Foot Locker cites cases that clearly are inapposite to establish that an attorney may incur fiduciary obligations to an individual even though an attorney-client relationship has not arisen. Most involve situations where there were preliminary consultations between the individual and the attorney looking to the retention of the attorney but the potential client did not hire the attorney. (People ex rel. Dept. of Corporations v. Speedee Oil Change Systems, Inc. (1999) 20 Cal.4th 1135; Beery v. State Bar (1987) 43 Cal.3d 802.) Closer to the mark is the court's statement in In re GMC Pick-up Truck Fuel Tank Prod. Liab. Litig. (3rd Cir. 1995) 55 F.3d 768, 801: “Beyond their ethical obligations to their clients, class attorneys, purporting to represent a class, also owe the entire class a fiduciary duty once the class complaint is filed.” This statement—which, it should be noted, recognizes that putative class members are not clients of the attorney—was made in the context of considering the propriety of certifying a settlement class, with little application to the present situation. Moreover, assuming that Q&W assumed some fiduciary obligations to members of the putative class they seek to represent, no authority has been cited suggesting that those obligations preclude the attorneys from urging that a proposed settlement in related litigation is not in the best interests of the class. (Compare Schick v. Berg (2004) U.S. Dist. LEXIS 6842, *19 (S.D.N.Y. 2004, affd. (2d Cir. 2005) 430 F.3d 112 [attorney owed putative class member a duty not to prejudice putative class member's rights in the action in which class certification was sought, but duty did not extend to refraining from advising a third party to sue putative class member].)

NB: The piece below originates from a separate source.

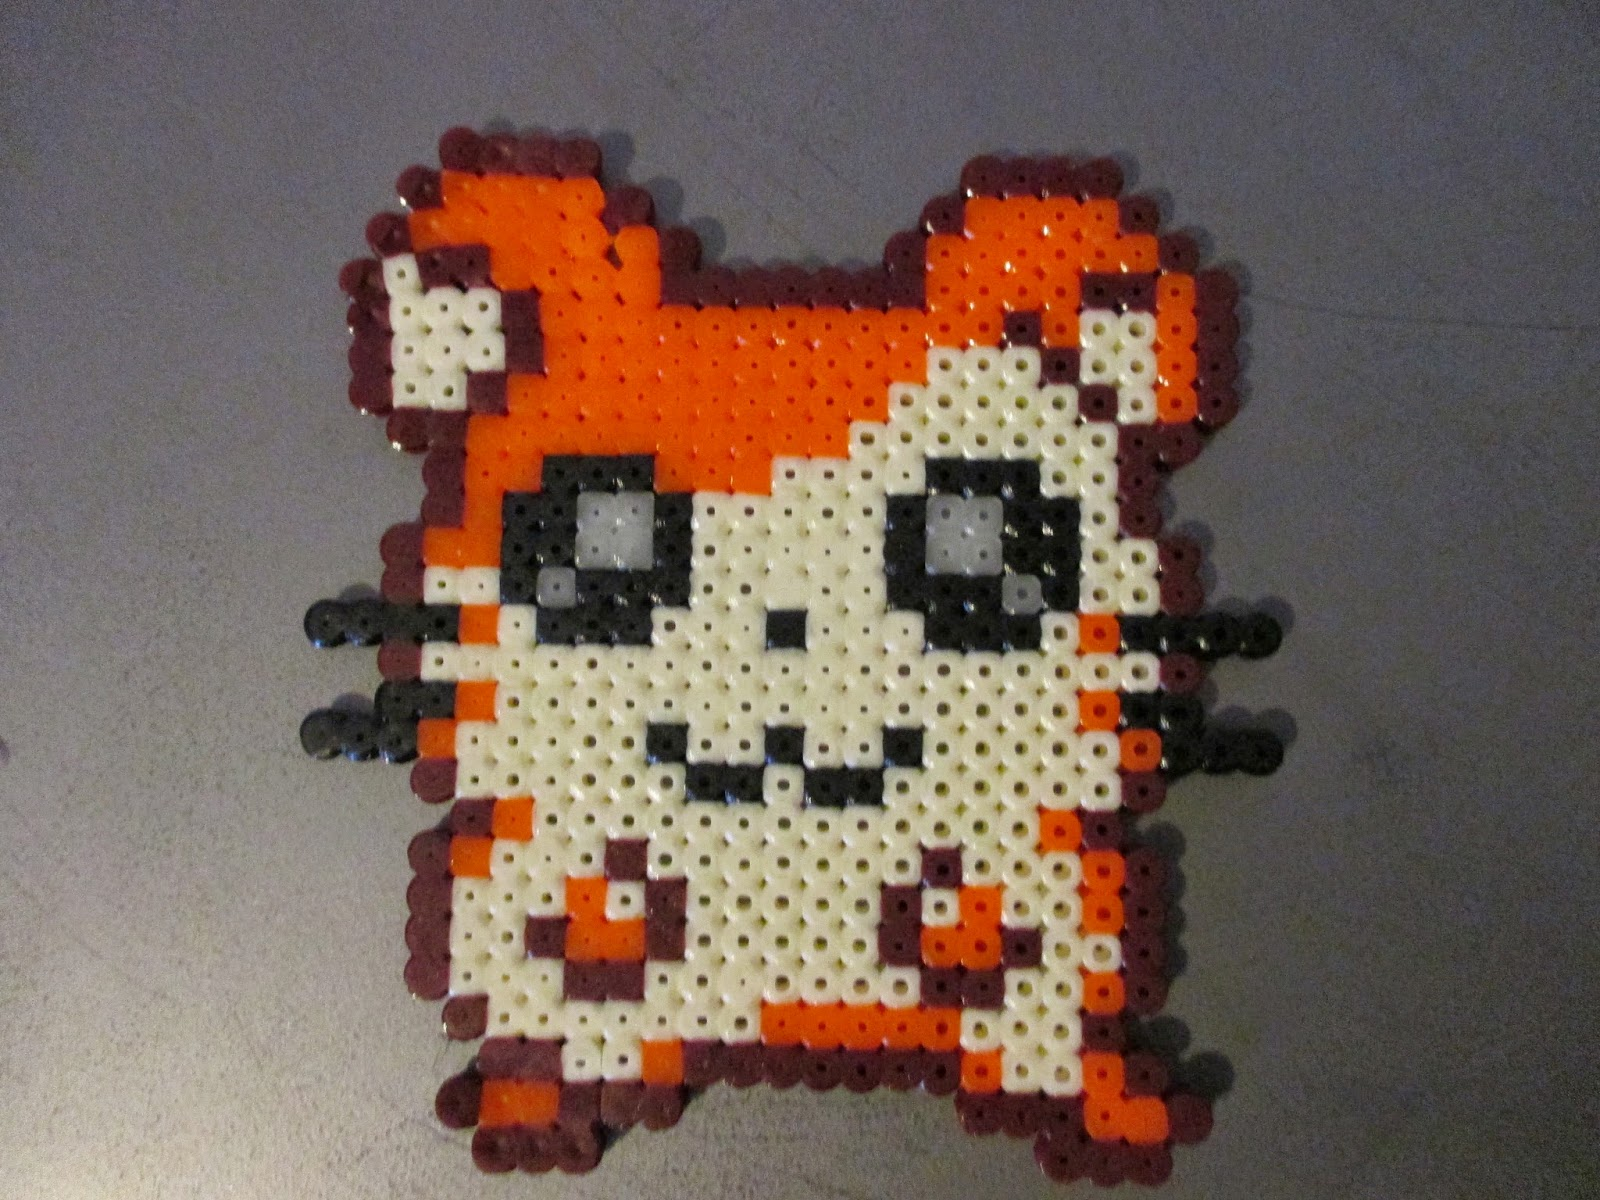 modèle pokémon pixel art

Slip op., at 5-6.  After reading these remarks, I now believe that it is unclear in California whether the majority approach follows or diverges from the federal cases suggesting a fiduciary obligation extends to putative class members prior to certification.  It seems likely, however, that regardless of the answer as to where California is on the issue, the obligations to the unknown putative class members do not rise to the same level as that of the obligations to a represented client.  The ability to harmonize this question is complicated by authority indicating that class counsel can replace a proposed class representative for the good of the class, which, in one way of looking at it, suggests that the interests of the putative class can rise high enough to squeeze the initial client to the sidelines.